Chaque plante réagit de manière particulière à chaque ETM. Ainsi, une espèce peut être accumulatrice pour un ETM et exclusive pour un autre.

Afin de déterminer le potentiel de bioaccumulation d’une espèce végétale, le facteur de bioconcentration est calculé. Il est défini comme le ratio de la concentration en un ETM dans les parties aériennes de la plante sur la concentration en ce même ETM dans le sol. Un ratio supérieur à 1 signifie que la concentration en métal dans la plante est supérieur à celle du sol, la plante est ainsi capable d’accumuler cet ETM dans ses parties aériennes. Il peut même atteindre 50 voire 100 dans certains cas, pour les hyperaccumulateurs (Cluis, 2004; McGrath and Zhao, 2003).

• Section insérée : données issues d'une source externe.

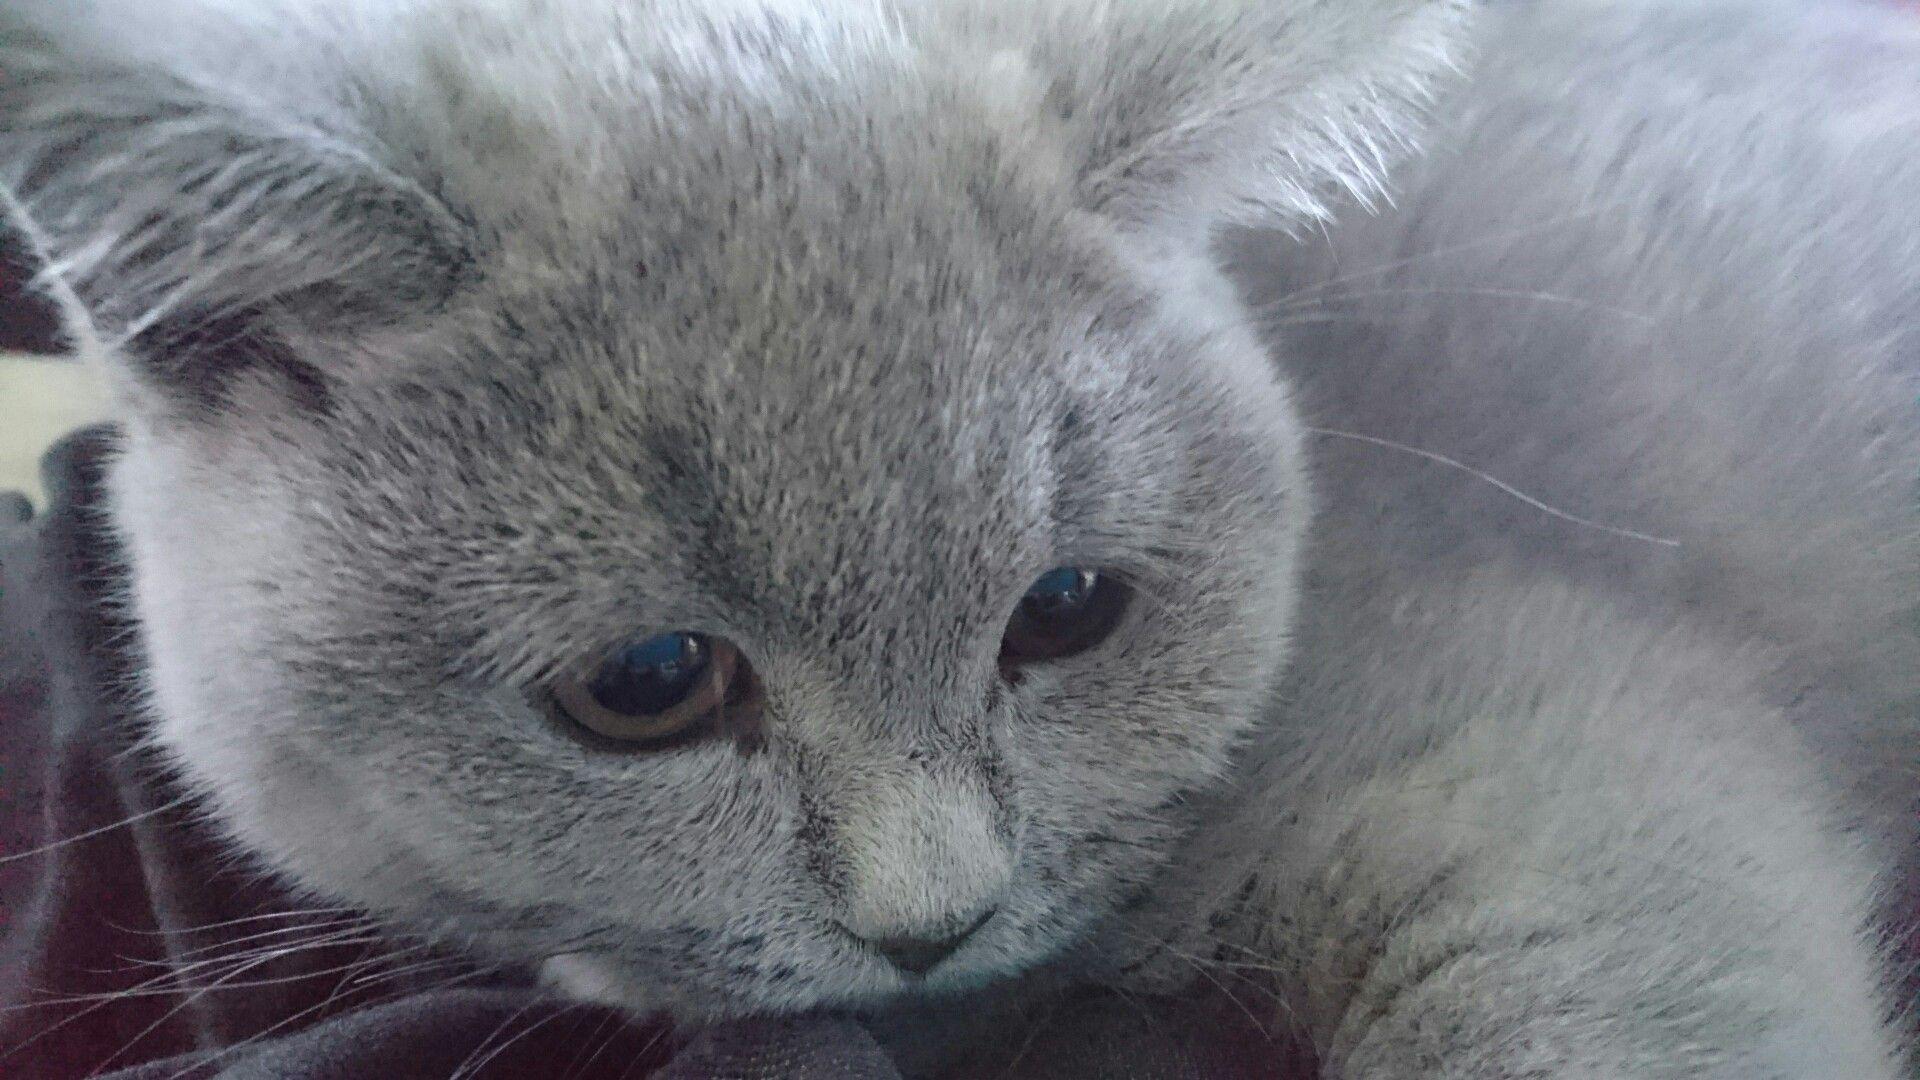 Boris the cat - British Short Hair kitten

Outre la voie racinaire, les ETM peuvent également entrer dans les végétaux par absorption foliaire, à travers les stomates, lorsqu’ils sont sous forme gazeuse (ex : mercure), ou à travers la cuticule foliaire lorsqu’ils sont sous forme ionique. L’absorption varie alors en fonction de l’espèce végétale mais également en fonction des ETM impliqués. Par exemple, le Cd, le Zn et le Cu ont montré une plus grande pénétration foliaire que le Pb, qui est principalement adsorbé aux lipides épicuticulaires à la surface (Prasad, 1999).